Kekuatan Alat Bukti Informasi dan Dokumen Elektronik dalam Pembuktian Tindak Pidana Pemilihan Umum
Aji Wibowo Jati, Dr. Muhammad Fatahillah Akbar, S.H., L.LM.
2025 | Skripsi | ILMU HUKUM
KEKUATAN ALAT BUKTI INFORMASI ELEKTRONIK DAN DOKUMEN ELEKTRONIK DALAM PEMBUKTIAN TINDAK PIDANA PEMILIHAN UMUM
Oleh: Aji Wibowo Jati , Muhammad Fatahillah Akbar
INTISARI
Penelitian ini merupakan penelitian hukum yang bertujuan untuk menganalisis kekuatan pembuktian alat bukti elektronik dalam tindak pidana pemilihan umum dan pertimbangan hakim dalam menilai kekuatan pembuktian alat bukti elektronik dalam perkara tindak pidana pemilu.
Penelitian ini merupakan penelitian normatif yang menggunakan studi kepustakaan dan bahan penelitian yang terdiri baik dari bahan hukum primer dan bahan hukum sekunder yang memiliki keterkaitan dengan topik penelitian.
Hasil dari penelitian ini menjabarkan bahwa kedudukan alat bukti informasi dan/atau dokumen elektronik merupakan perluasan alat bukti yang sah sebagaimana diatur dalam Pasal 184 ayat (1) Undang Undang Nomor 8 Tahun 1981 tentang Hukum Acara Pidana, sementara kekuatan pembuktian alat bukti informasi dan/atau dokumen elektonik dalam tindak pidana pemilihan umum memiliki kekuatan pembuktian bebas yang penilaiannya merupakan otoritas hakim.
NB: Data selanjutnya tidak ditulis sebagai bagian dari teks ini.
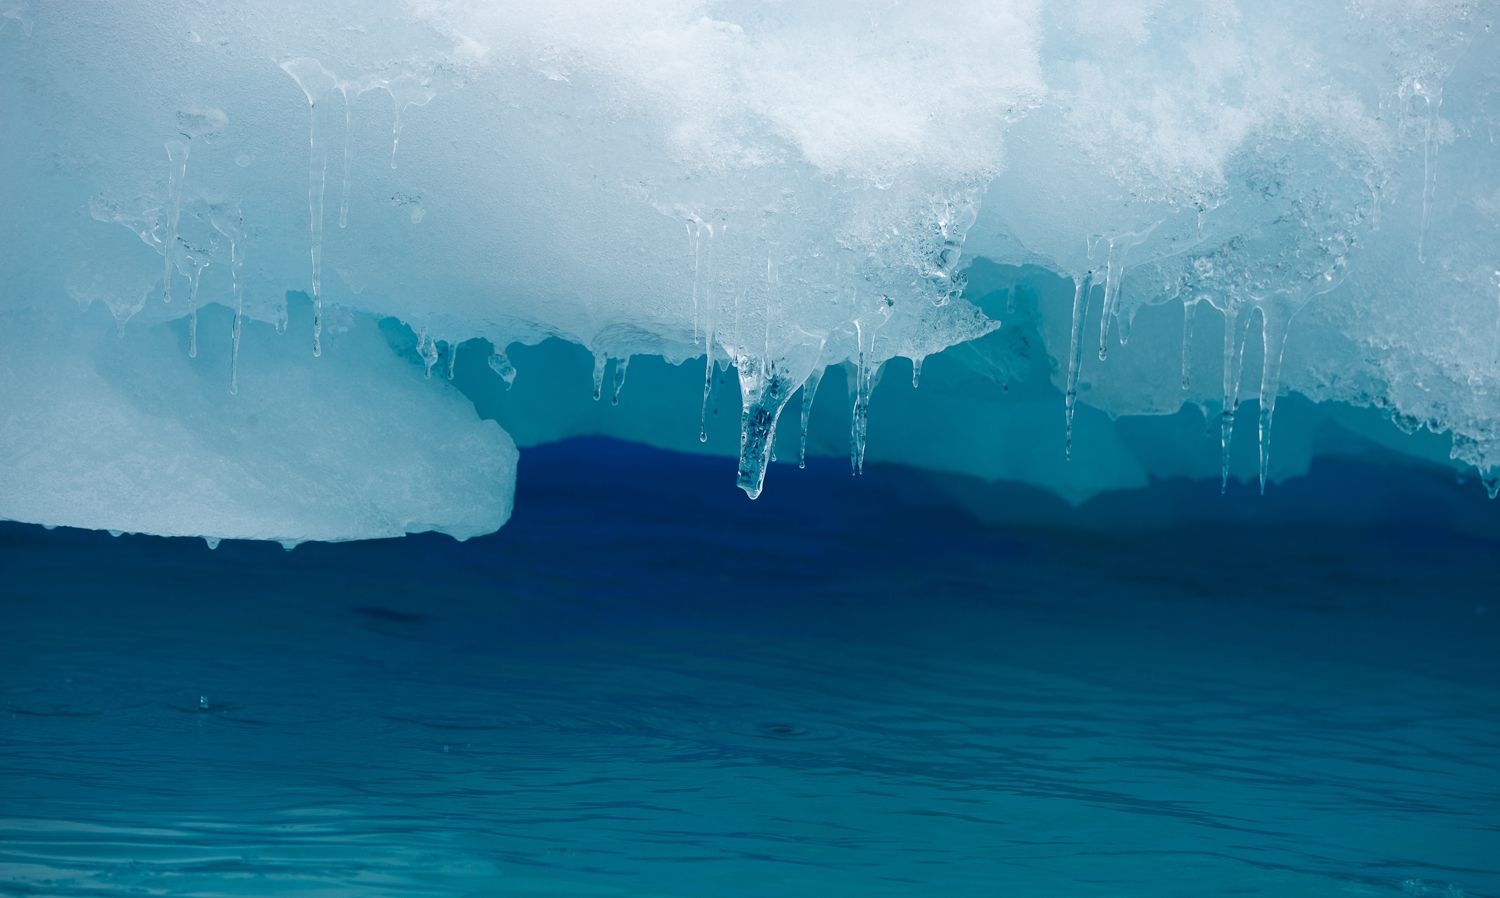 一场说走就走的贝加尔湖蓝冰之旅_行摄天下-摄影站
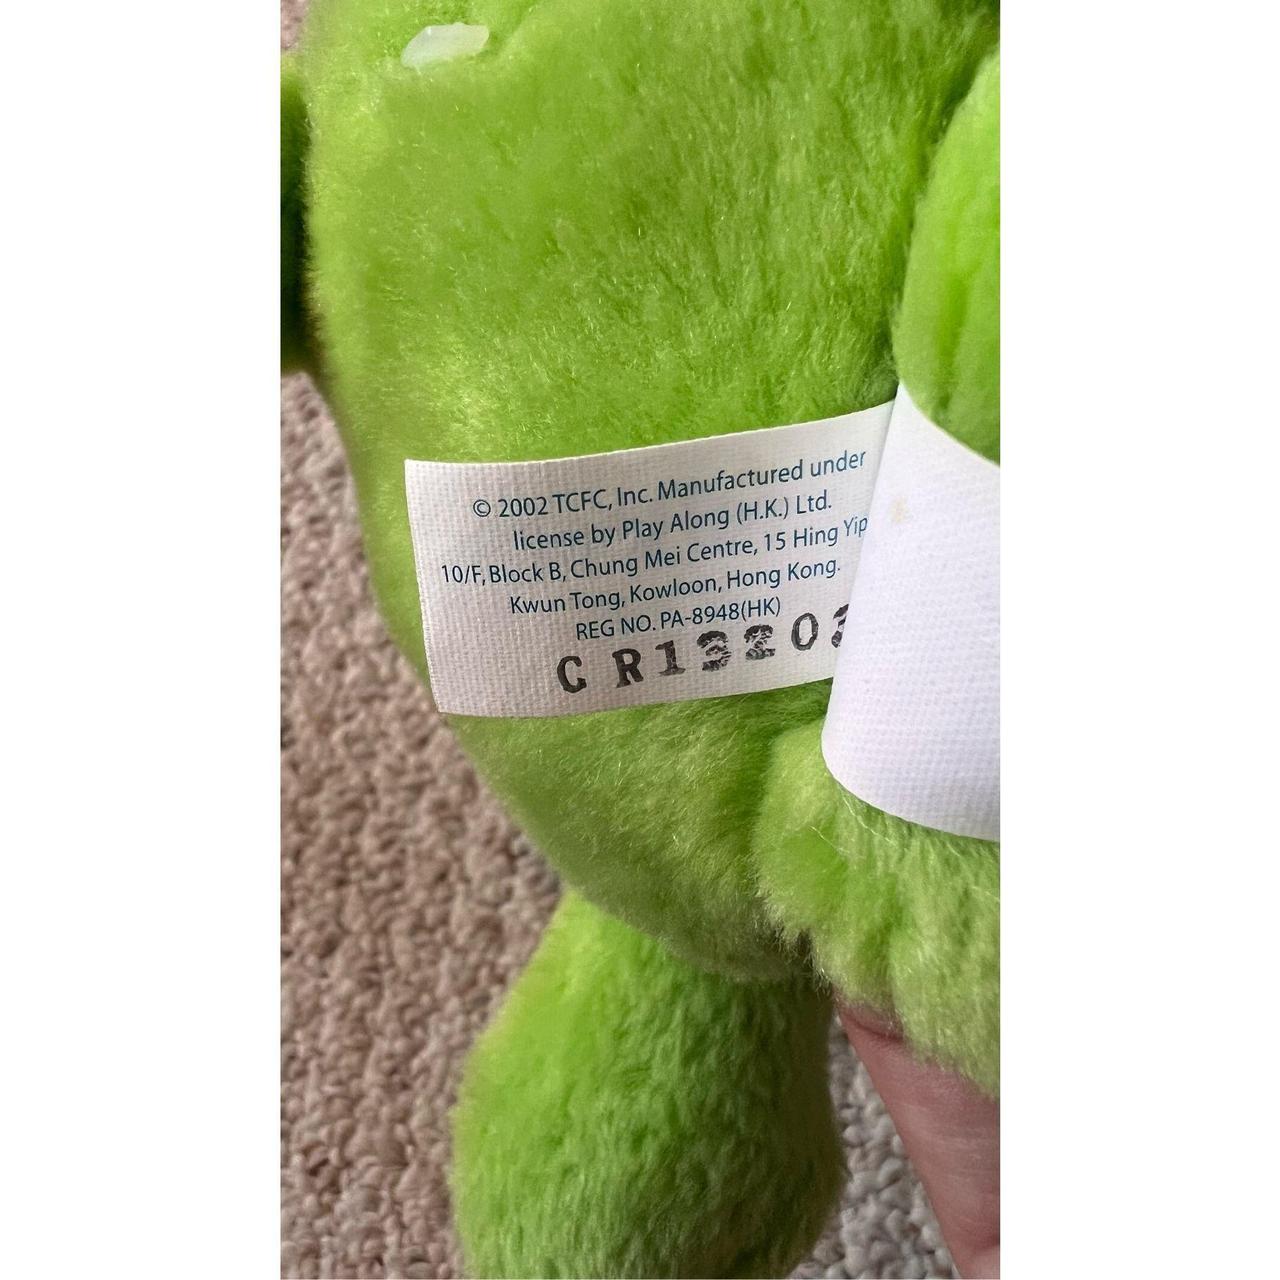 Care Bear Good Luck 20th Anniversary green stuffed - Depop

Hakim dalam memeriksa perkara menilai kekuatan pembuktian dari alat bukti elektronik dengan berdasarkan pada keotentikan alat bukti informasi dan dokumen elektronik serta persesuaiannya dengan alat bukti lainnya yang dihadirkan di persidangan.
Kata kunci : Pembuktian, Alat Bukti Elektronik, Pemilu
THE STRENGTH OF ELECTRONIC INFORMATION AND DOCUMENTARY EVIDENCE ON PROOF OF GENERAL ELECTION CRIMINAL CASE
By: Aji Wibowo Jati , Muhammad Fatahillah Akbar
ABSTRACT
This research have a purpose to analyze the strength of electronic evidence in the proof of general election criminal case and judge consideration to examining the electronic evidence .
This research belongs to normative law research that use literature study and both primary and secondary legal materials as a research materials that related with the research topic.
This research explain that the position of electronic evidence in indonesia criminal procedural law is expanding the evidence that already exist as stated in Article 184 KUHAP. The strength of the electronic evidence on general election proof therefore is depend on the judge who inspects the case based on the authenticity of electronic evidence and the relevancy of electronic with the case and conformity with other evidences.